Kürzlich sorgte ein Papier des Bundesnachrichtendienstes (BND) für Aufsehen, aus dem das Nachrichtenmagazin „Der Spiegel“ zitierte. Der starke Zuzug nigerianischer Asylbewerber, die vermehrt aus Italien in die Bundesrepublik einreisten, werde zu einem Aufwuchs der „äußerst brutal agierenden nigerianischen Strukturen der organisierten Kriminalität führen“, heißt es in dem Papier.  Namentlich warnt der BND vor Supreme Eiye Confraternity und Black Axe. Derartige kriminelle Netzwerke hätten in den vergangenen Jahren in Italien bereits feste Strukturen gebildet und würden teilweise „auf Augenhöhe“ mit der heimischen Mafia agieren. Unter den hier in die Bundesrepublik eingereisten Migranten und Flüchtlingen werden Mitglieder dieser Netzwerke vermutet. Der Erfolg ist mit dem Handel von Drogen und Menschen, aber auch durch Raub und Piraterie zu erklären. Diese Organisation wird von offiziellen Stellen für gewaltbereiter gehalten als viele kriminelle Vereinigungen in Europa. Man kann also davon ausgehen, das hier in Deutschland weitere Keimzellen dieser kriminellen Vereinigung entstehen werden.

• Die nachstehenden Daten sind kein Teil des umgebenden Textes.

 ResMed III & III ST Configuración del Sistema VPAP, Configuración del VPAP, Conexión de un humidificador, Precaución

Spanische und italienische Regierungsbehörden stufen diese nigerianischen Gruppen als besonders gefährlich ein.

Nigeria ist mit fast 200 Millionen Einwohnern das bevölkerungsreichste Land Afrikas.  Bis zum Jahr 2050 werden dort schätzungsweise 400 Millionen und bis zum Jahr 2100 rund 800 Millionen Menschen leben. Hier herrscht Chaos, Korruption, mafiöse Strukturen und eine sehr große Armut.

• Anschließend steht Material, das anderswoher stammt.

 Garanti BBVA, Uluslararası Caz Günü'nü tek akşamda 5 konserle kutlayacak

 Die größte Stadt Nigerias, Lagos (rund 22 Millionen Einwohner), ist von einem riesigen Slum umgeben. Prostitution und hohe HIV-Infektions-Raten breiten sich aus. Im Norden des Landes wüten Islamisten wie die Terrororganisation »Boko Haram«, die mit dem »Islamischen Staat« (IS/ISIS/DEASH) verbündet ist. Immer wieder wird auf die Gefahr hingewiesen, dass es zu großen Auswanderungswellen von Nigeria in Richtung Europa kommen kann. Wahrscheinlich wird dies nur eine Frage der Zeit sein, denn wer kann, wird auswandern. Und das Ziel ist klar. 

Einen weiteren Bericht über die Nigerianische Mafia können sie hier im Kopp Report nachlesen.

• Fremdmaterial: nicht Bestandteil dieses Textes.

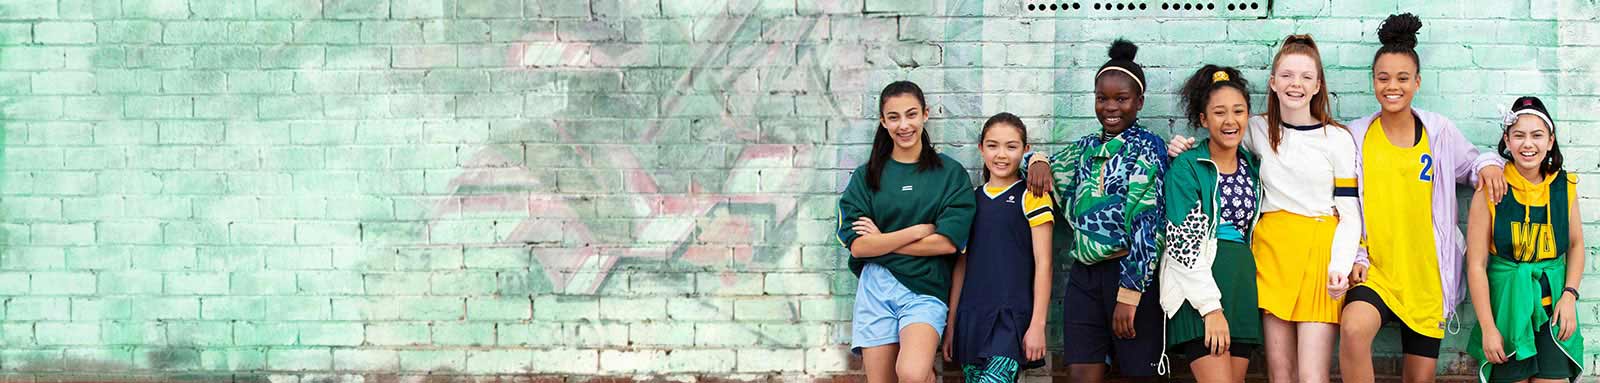 Netball girls standing infront of green brick wall

Illegal Eingewanderte, in der Zukunft illegal Einwandernde, und die schon hier lebenden und geduldeten Flüchtlinge/Migranten werden zukünftig einen hohen Stellenwert in unserem bisherigen Leben in Deutschland einnehmen. Das Deutschland wie wir es kennen, wird es aller Voraussicht nach in einigen Jahren nicht mehr geben. Die jetzige Regierung tut nichts, aber auch gar nichts um die eigene Bevölkerung vor kriminellen Ausschreitungen unserer „Gäste“ zu schützen. Langsam wird es sogar „Normalität“ TÄGLICH von Gewaltverbrechen zu lesen, zu hören und zu sehen. Es ist hier bei uns eine Ohnmacht dem noch Kommenden gegenüber ausgebrochen, wie man es nie gekannt hat. Die stille Angst breitet sich aus, und wird immer lauter. Wie mag eine Zukunft mit Islam, Scharia und Co. für uns Bürger aussehen? Man muss nicht fragen, eigentlich wie jeden Tag, nur eben jeden Tag schlimmer. Unsere Leichtigkeit des Lebens wird sich in naher Zukunft als sehr schwere Bürde erweisen, da  unsere Regierung hart dafür arbeitet das es auch so bleibt.

Längst wird vermutet das es hier nicht allein um Flüchtlinge oder Migranten geht, sondern um die Neuansiedlung von Menschen. Was daraus folgen könnte, mag jeder für sich durchdenken, es wird wahrscheinlich nichts Positives sein. Wollen wir das?